Kids are at risk of being short-changed, again.
Over the next two years, courts are expected to award billions of dollars in drug company settlements or legal judgments related to the opioid crisis. We have been here before. In the 1998 Tobacco Master Settlement, large portions of the awards were intended for prevention and to address the harm done to children. In reality, of the $27 billion in settlement money that states will collect in FY2020, just $740 million — less than 3% — will go toward helping people quit and keeping kids from smoking.
In 2017, more than 2 million children were directly affected by the opioid crisis. More than half of them lived with at least one parent suffering opioid use disorder. Another quarter-million had a parent die from an overdose. In addition, the rates of children entering foster care have skyrocketed, mostly as a result of the epidemic.
First Focus on Children convened nearly 2 dozen experts, advocates, and professionals this month to discuss strategies to ensure that children receive their fair share of any settlement money.
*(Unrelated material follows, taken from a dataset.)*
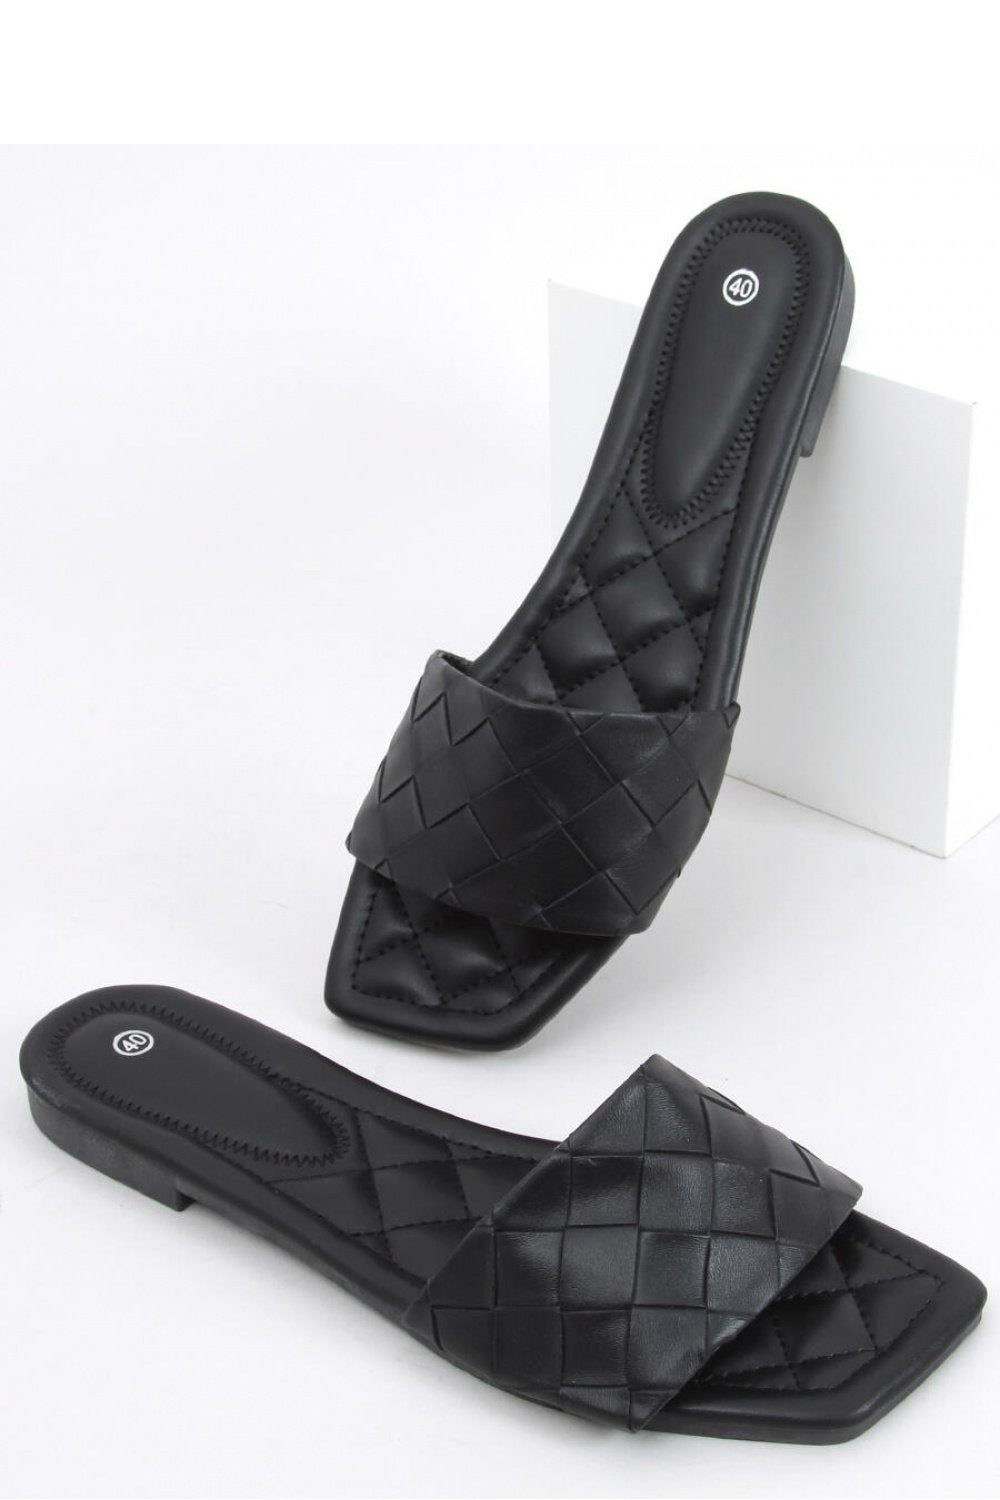 Flip-flops model 164349 Inello Posh Styles Apparel

Over the next few weeks, the group will compile recommendations for State Attorneys General and other key players on where funds are most needed and how to best administer them.
Here are some of the reasons that children need drug money:
- More than 500 children die every year from opioid poisoning.
- Every 15 minutes a baby is born addicted.
- In 2014, 32,000 babies were born addicted – a 500% increase over a decade earlier.
- Caring for babies born with opioid addiction cost more than a half-billion dollars in 2016.
- More than 400,000 children are in foster care. 36% of them are there because of parental drug use.
- In 2017, the rate of children entering foster care due to parental drug use rose for the sixth consecutive year.
- The number of children admitted to hospitals for opioid overdoses nearly doubled from 2004 to 2015.
- Of the hundreds of state and federal initiatives enacted to contain the opioid crisis, almost none focus on children.